Je travaille dans le "digital" depuis 1997. Avant Google, avant les réseaux sociaux, avant même que le terme "digital" existe. À l'époque où on parlait de NTIC.
Startups de la bulle internet, premières web agencies, fournisseurs d'accès... J'ai fait mes armes à une époque où il fallait expliquer à son banquier ce qu'était un site web. La bulle a explosé. Je suis restée.
J'ai repris mes études en stratégie et management, j'ai bossé en agence web, j'ai vendu du SEO, SEA, ads, buzz, blog... à des clients qui n'en avaient pas forcément besoin.

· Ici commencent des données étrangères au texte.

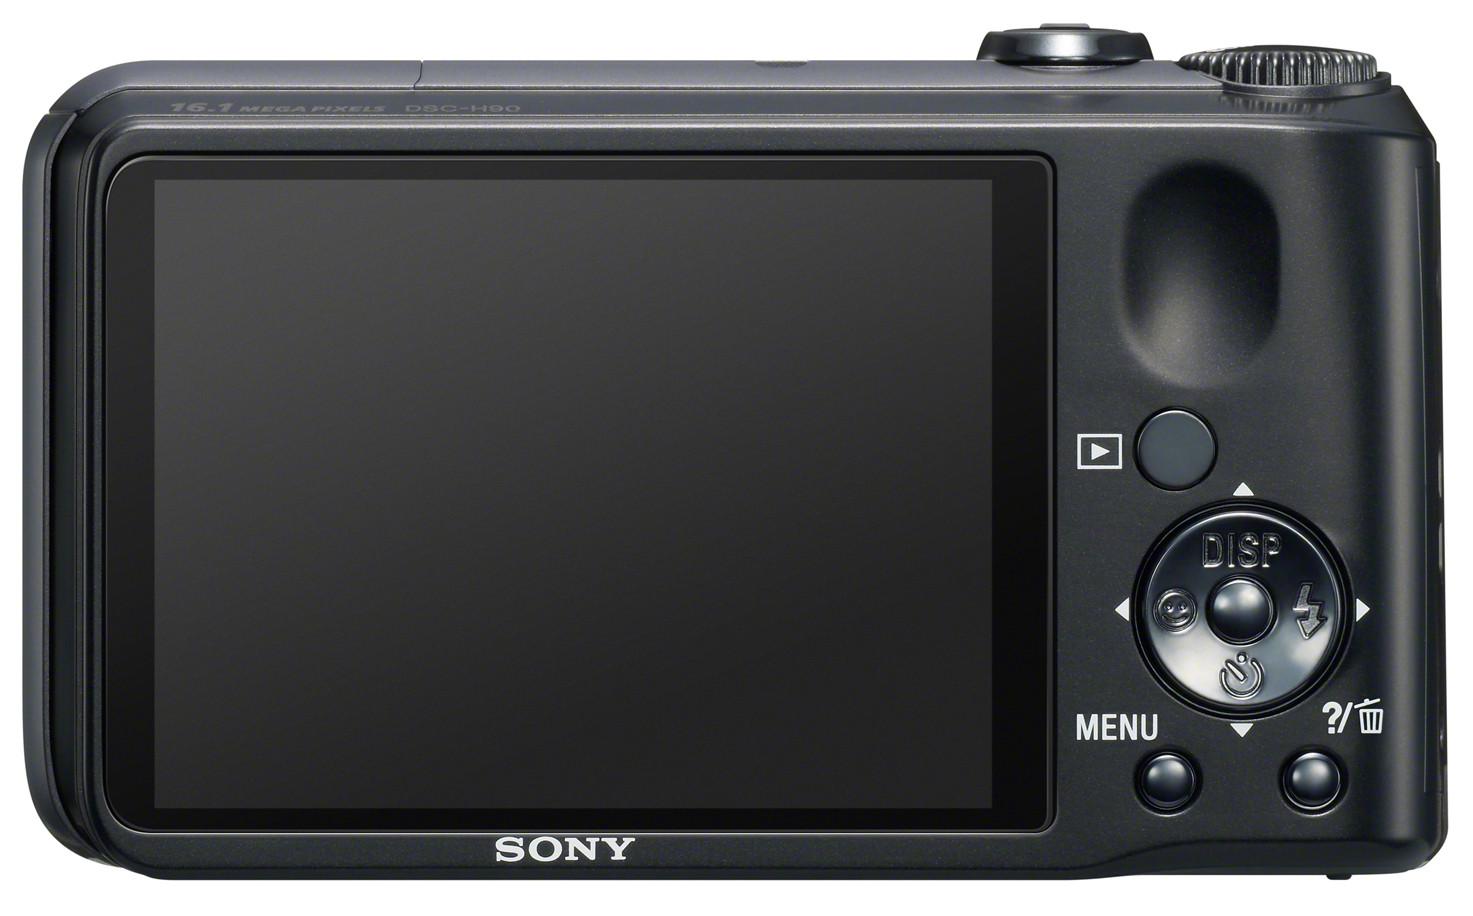 Sony CyberShot DSC-H90 Black
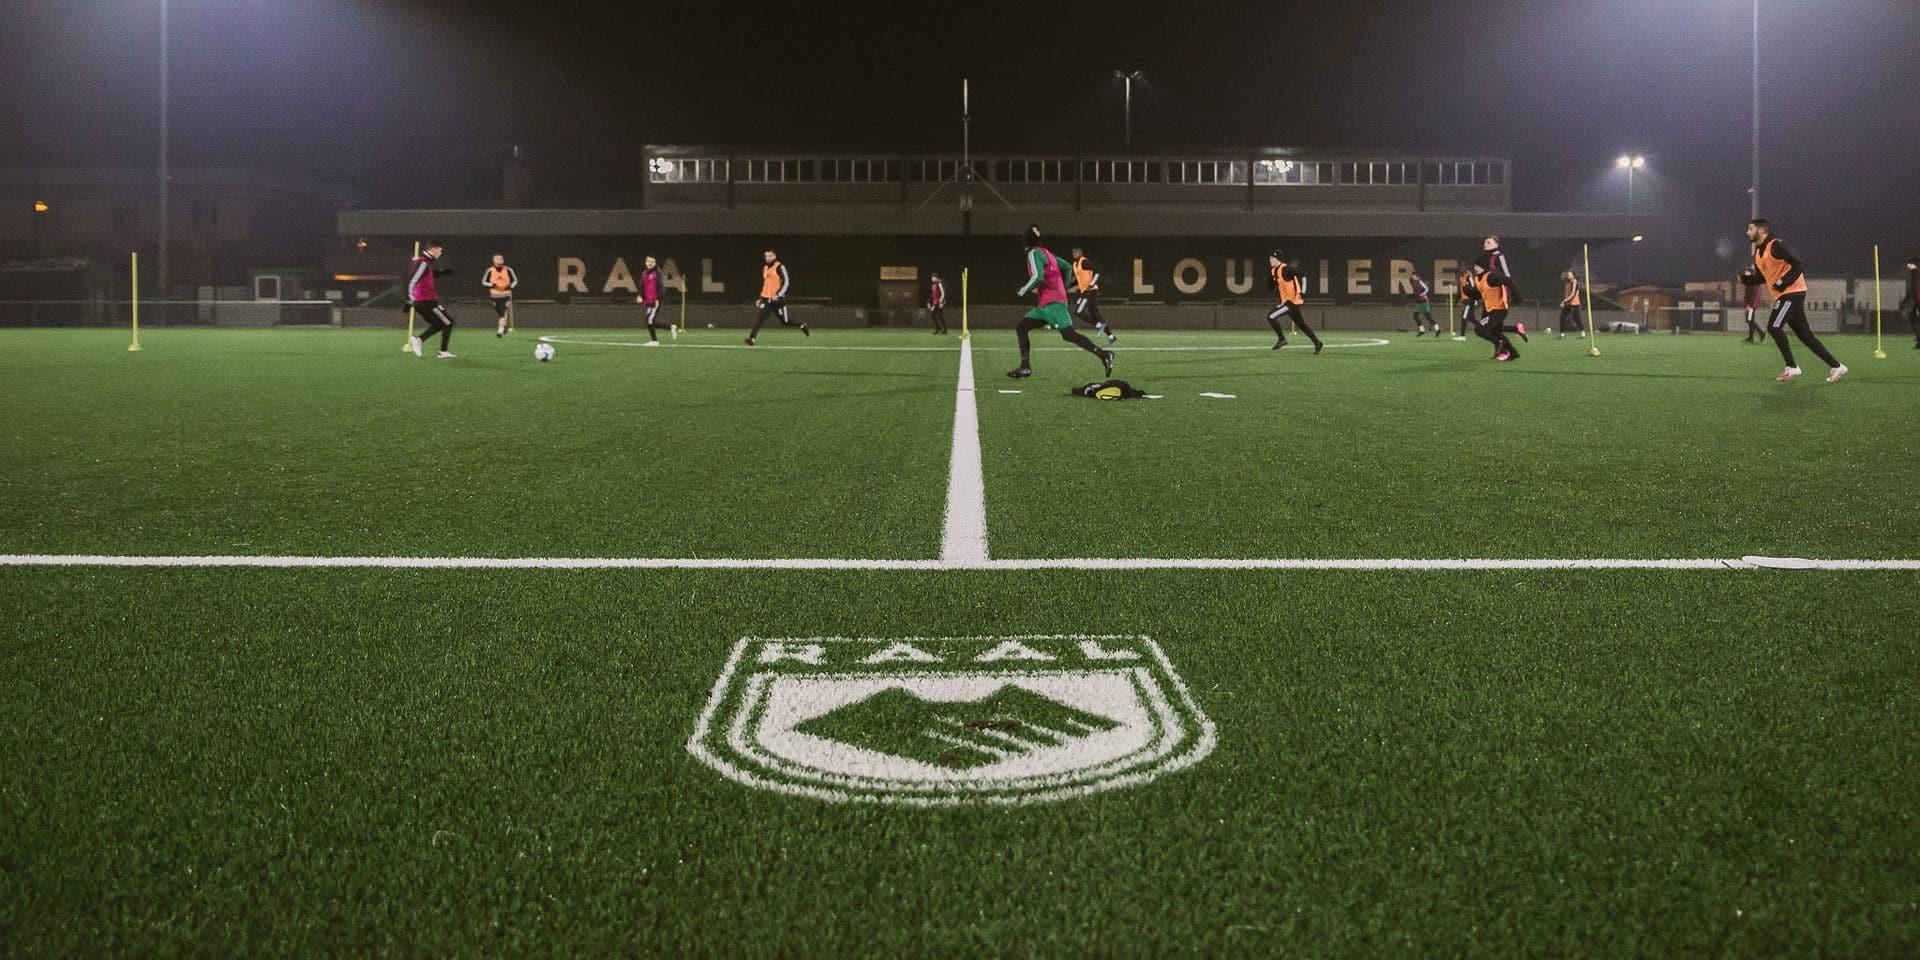 """La RAAL rêve d'un nouveau stade: """"C'est une vraie opportunité pour la ville, pour la région du Centre"""""""

En 2009, je fonde Bleek.in avec une conviction simple : les entreprises n'ont pas besoin qu'on leur vende le dernier levier à la mode. Elles ont besoin qu'on leur dise la vérité sur ce qui va, ce qui ne va pas, et ce qui leur manque vraiment. Pas d'agenda caché, pas de marge sur des prestataires.
Je facture mon jus de cerveau, rien d'autre. Quand j'interviens en maîtrise d'œuvre, mes partenaires facturent directement le client. Mon indépendance, c'est ce qui rend mon diagnostic fiable. PME, institutionnels, organismes de formation, grands comptes — peu importe le budget, toujours la même approche : pragmatique, efficiente, durable.
En parallèle, j'enseigne la stratégie et le marketing digital à l'IAE de Nice et à l'International University of Monaco pendant plus de dix ans. J'écris pour Frenchweb, j'interviens sur Radio Monaco, je traîne dans tous les événements de l'écosystème tech azuréen, j'en co-organise plusieurs — parce que le sujet m'intéresse vraiment.
Fin 2013, Gandi me propose la direction de la communication. Cinq ans à piloter stratégie de contenu, relations presse, gestion de crise, communication interne, événementiel — à l'échelle d'un acteur international du numérique.
Fin 2018, j'arrête tout. Pas un burnout, une prise de conscience. J'en ai assez de courir sans savoir après quoi. Je veux travailler moins, vivre plus, profiter de mes proches, voyager. Je me reconvertis dans la nutrition, parce que c'est cohérent avec mon histoire personnelle, je pars en camping-car en famille, je me lance dans la rénovation d'une grange en Corrèze. Slowpreneuriat assumé, minimalisme revendiqué.
Sauf que geek un jour, geek toujours. J'ai construit mon activité nutrition de A à Z, comme une entreprise, pas comme un hobby. Conception de produits, stack technique, tunnel de vente, automatisation, CRM, acquisition organique. Quatre livres publiés. Au final, une activité qui tourne aujourd'hui quasi seule, parce que les fondations sont solides.
Depuis 2024, je reprends des missions de conseil.
Le contexte a changé. Et pas qu'un peu. L'IA génère du contenu correct en vingt minutes. N'importe qui peut avoir l'air d'un expert. Du coup, vos clients ne savent plus qui croire, et les algorithmes non plus.
Les entreprises empilent les canaux, les contenus, les leviers, sans avoir jamais identifié ce qui les rend uniques, sans avoir jamais posé les fondations. Une présence numérique qui ressemble à un chantier habité plutôt qu'à une maison construite.
C'est ce que je fais aujourd'hui. Poser ces fondations pour construire une légitimité qui dure, celle qui se valide sur la durée, par la cohérence et la profondeur, pas par le volume. Celle que l'IA ne peut pas inventer parce qu'elle vient du vécu, des erreurs, des arbitrages réels.
Je diagnostique ce qui manque, je structure ce qui existe, je déploie ce qui tient, je transmets ce qui dure.